What the task requires:
Word for word, restate all of the entries.

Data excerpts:
= Beginning of Section =

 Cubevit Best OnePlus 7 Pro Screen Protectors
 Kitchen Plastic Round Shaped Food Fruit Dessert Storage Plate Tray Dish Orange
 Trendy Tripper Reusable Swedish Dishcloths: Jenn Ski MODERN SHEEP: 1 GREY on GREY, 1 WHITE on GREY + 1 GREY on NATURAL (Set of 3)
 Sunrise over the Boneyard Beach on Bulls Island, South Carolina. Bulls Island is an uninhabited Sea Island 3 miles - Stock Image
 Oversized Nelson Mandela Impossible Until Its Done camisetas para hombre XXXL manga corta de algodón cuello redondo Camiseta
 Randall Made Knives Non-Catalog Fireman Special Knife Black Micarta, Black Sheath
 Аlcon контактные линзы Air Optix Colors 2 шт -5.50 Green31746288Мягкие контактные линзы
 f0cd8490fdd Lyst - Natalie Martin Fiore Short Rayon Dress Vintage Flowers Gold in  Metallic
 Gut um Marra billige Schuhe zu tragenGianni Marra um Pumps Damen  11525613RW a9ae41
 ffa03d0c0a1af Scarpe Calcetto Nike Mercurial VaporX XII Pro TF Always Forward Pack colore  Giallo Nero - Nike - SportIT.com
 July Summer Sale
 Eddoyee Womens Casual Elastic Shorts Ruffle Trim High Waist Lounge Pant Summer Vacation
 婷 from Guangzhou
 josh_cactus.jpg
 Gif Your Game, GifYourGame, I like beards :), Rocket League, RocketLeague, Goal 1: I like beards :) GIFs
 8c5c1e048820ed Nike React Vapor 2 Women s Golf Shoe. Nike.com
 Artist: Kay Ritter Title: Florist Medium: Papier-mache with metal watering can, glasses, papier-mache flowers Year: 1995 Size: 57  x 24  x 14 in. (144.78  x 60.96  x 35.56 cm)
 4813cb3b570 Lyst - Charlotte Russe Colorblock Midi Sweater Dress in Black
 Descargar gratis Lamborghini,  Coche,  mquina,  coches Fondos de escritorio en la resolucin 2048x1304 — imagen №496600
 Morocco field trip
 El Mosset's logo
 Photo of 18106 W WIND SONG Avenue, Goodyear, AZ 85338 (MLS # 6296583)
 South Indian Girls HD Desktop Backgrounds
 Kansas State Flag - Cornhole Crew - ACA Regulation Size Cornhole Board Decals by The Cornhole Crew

= End of Section =

Final answer:
 Cubevit Best OnePlus 7 Pro Screen Protectors
 Kitchen Plastic Round Shaped Food Fruit Dessert Storage Plate Tray Dish Orange
 Trendy Tripper Reusable Swedish Dishcloths: Jenn Ski MODERN SHEEP: 1 GREY on GREY, 1 WHITE on GREY + 1 GREY on NATURAL (Set of 3)
 Sunrise over the Boneyard Beach on Bulls Island, South Carolina. Bulls Island is an uninhabited Sea Island 3 miles - Stock Image
 Oversized Nelson Mandela Impossible Until Its Done camisetas para hombre XXXL manga corta de algodón cuello redondo Camiseta
 Randall Made Knives Non-Catalog Fireman Special Knife Black Micarta, Black Sheath
 Аlcon контактные линзы Air Optix Colors 2 шт -5.50 Green31746288Мягкие контактные линзы
 f0cd8490fdd Lyst - Natalie Martin Fiore Short Rayon Dress Vintage Flowers Gold in  Metallic
 Gut um Marra billige Schuhe zu tragenGianni Marra um Pumps Damen  11525613RW a9ae41
 ffa03d0c0a1af Scarpe Calcetto Nike Mercurial VaporX XII Pro TF Always Forward Pack colore  Giallo Nero - Nike - SportIT.com
 July Summer Sale
 Eddoyee Womens Casual Elastic Shorts Ruffle Trim High Waist Lounge Pant Summer Vacation
 婷 from Guangzhou
 josh_cactus.jpg
 Gif Your Game, GifYourGame, I like beards :), Rocket League, RocketLeague, Goal 1: I like beards :) GIFs
 8c5c1e048820ed Nike React Vapor 2 Women s Golf Shoe. Nike.com
 Artist: Kay Ritter Title: Florist Medium: Papier-mache with metal watering can, glasses, papier-mache flowers Year: 1995 Size: 57  x 24  x 14 in. (144.78  x 60.96  x 35.56 cm)
 4813cb3b570 Lyst - Charlotte Russe Colorblock Midi Sweater Dress in Black
 Descargar gratis Lamborghini,  Coche,  mquina,  coches Fondos de escritorio en la resolucin 2048x1304 — imagen №496600
 Morocco field trip
 El Mosset's logo
 Photo of 18106 W WIND SONG Avenue, Goodyear, AZ 85338 (MLS # 6296583)
 South Indian Girls HD Desktop Backgrounds
 Kansas State Flag - Cornhole Crew - ACA Regulation Size Cornhole Board Decals by The Cornhole Crew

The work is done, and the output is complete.